:: DIRECTIONS FOR THIS TASK ::
Starting with the line that has "diy Amazing crochet" in the records below and ending with the line that has "Индонезия, Суматра, путешествия, фототур, Михаил", output those lines exactly and nothing more; omit the pictures.

:: SOURCE DATA ::
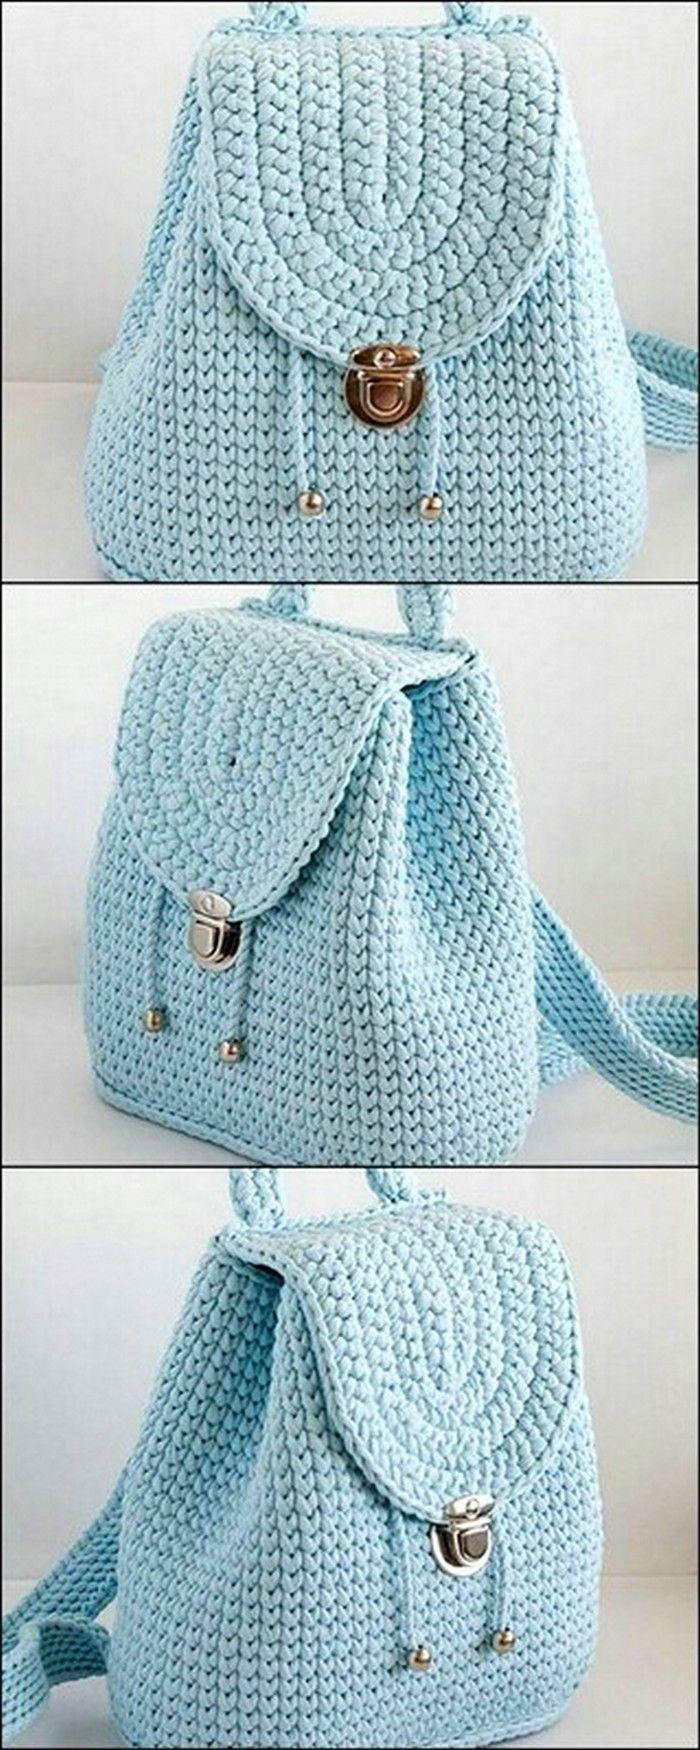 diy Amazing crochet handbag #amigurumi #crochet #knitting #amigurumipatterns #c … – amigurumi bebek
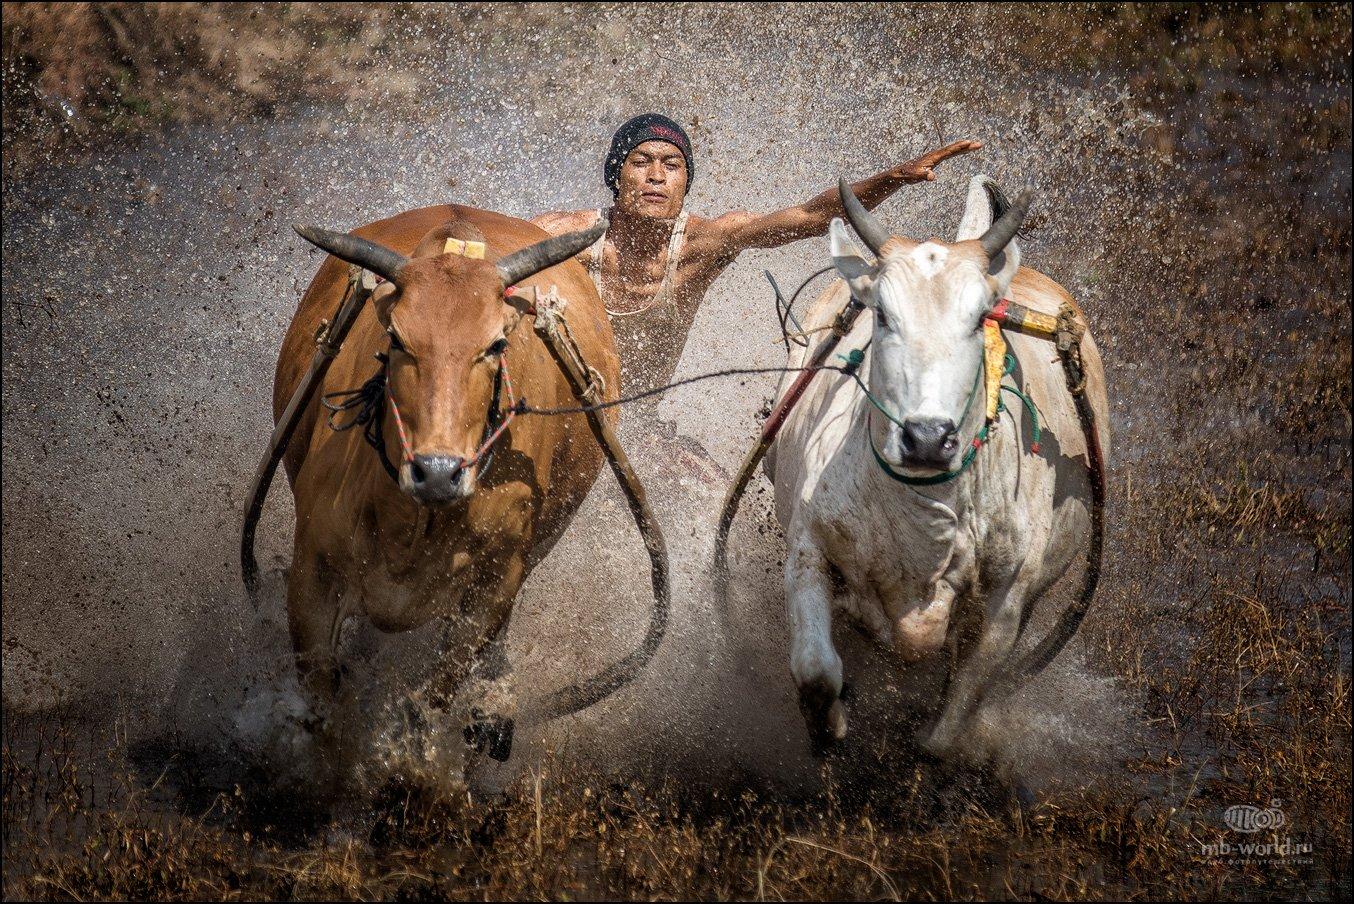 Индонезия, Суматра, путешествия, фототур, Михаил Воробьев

--

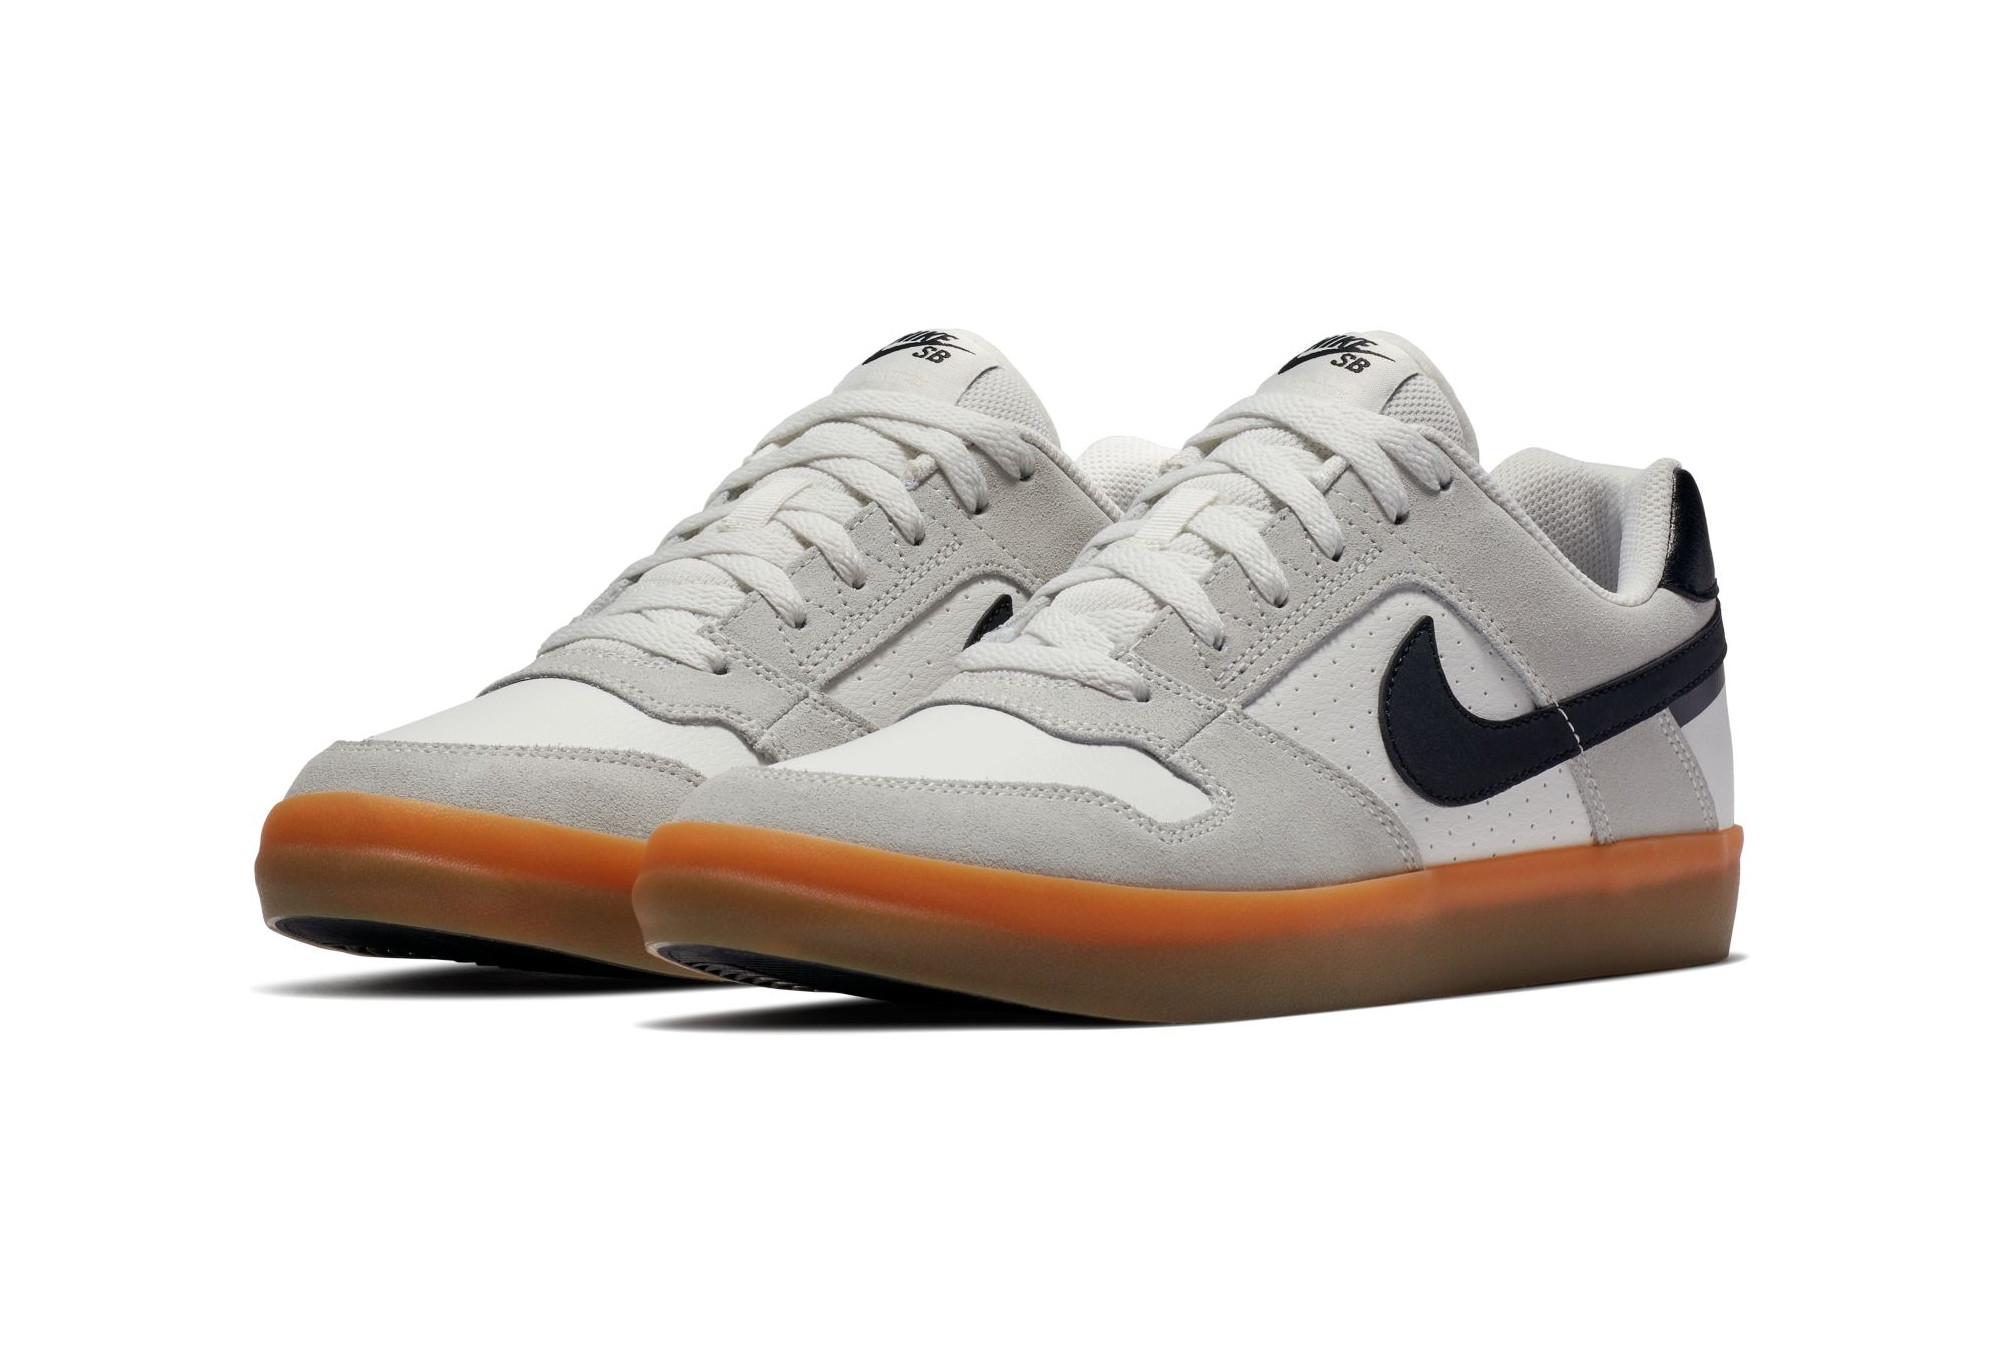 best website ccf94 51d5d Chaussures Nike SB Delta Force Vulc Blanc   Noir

* * *

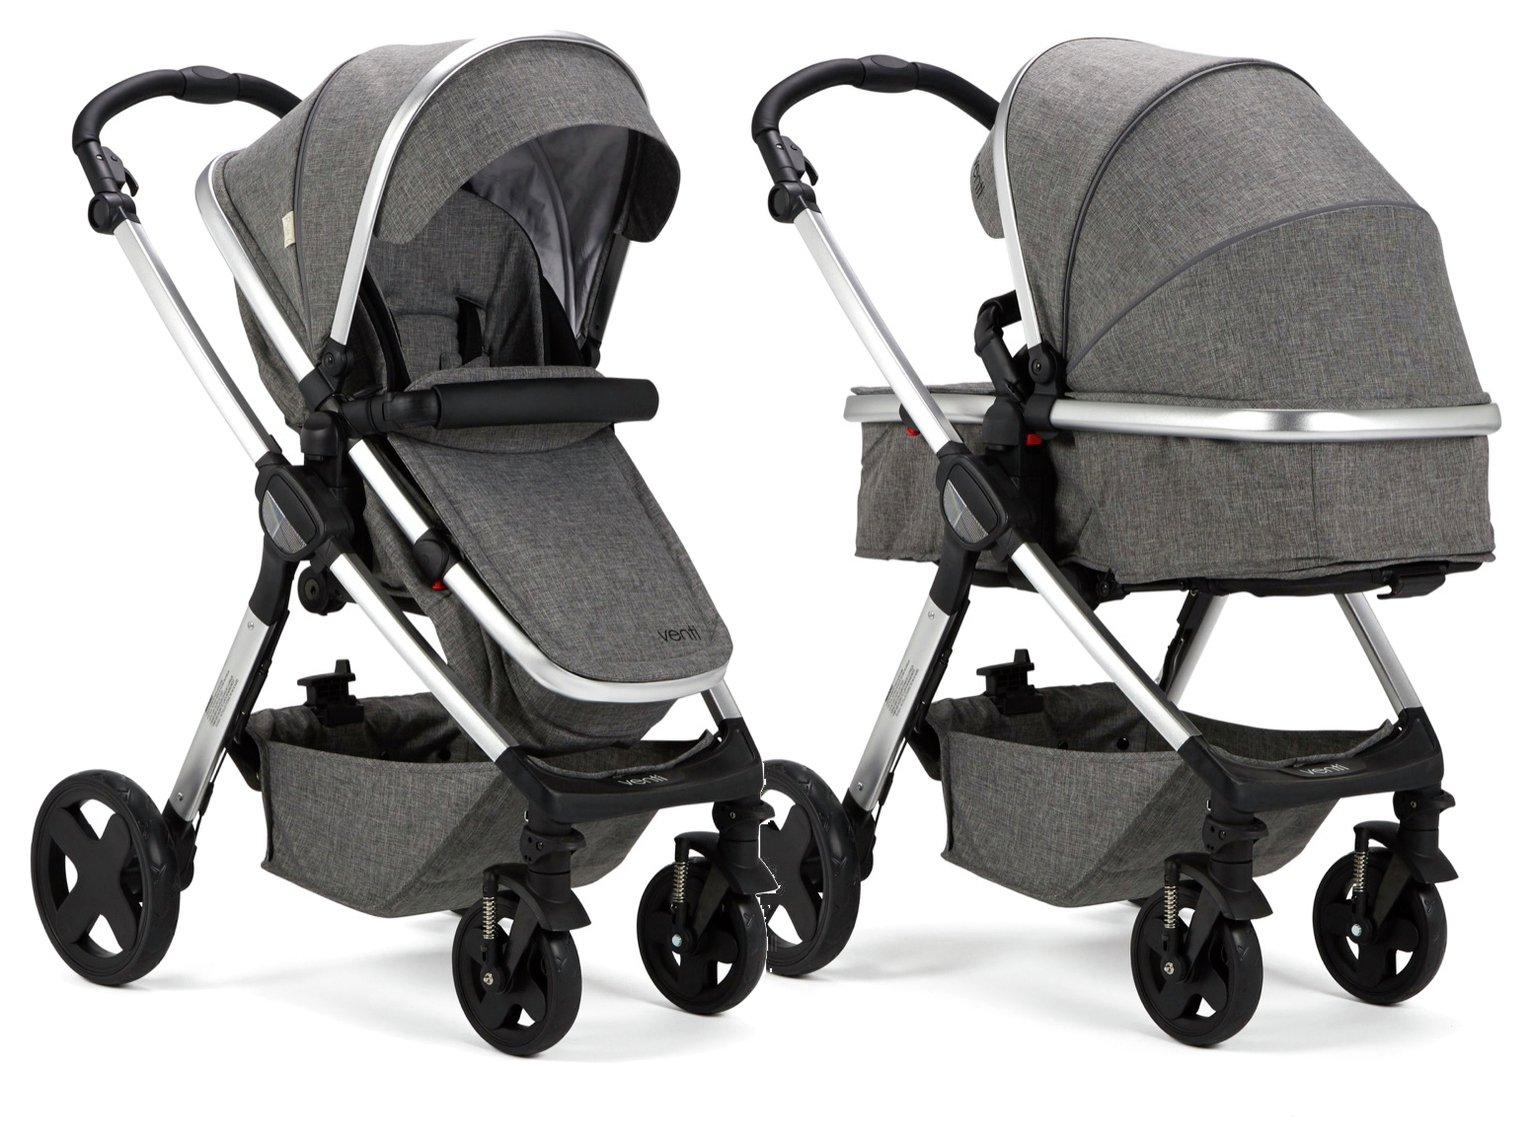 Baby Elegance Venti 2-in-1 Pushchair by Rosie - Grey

:: WRITTEN REPLY ::
 diy Amazing crochet handbag #amigurumi #crochet #knitting #amigurumipatterns #c … – amigurumi bebek
 Индонезия, Суматра, путешествия, фототур, Михаил Воробьев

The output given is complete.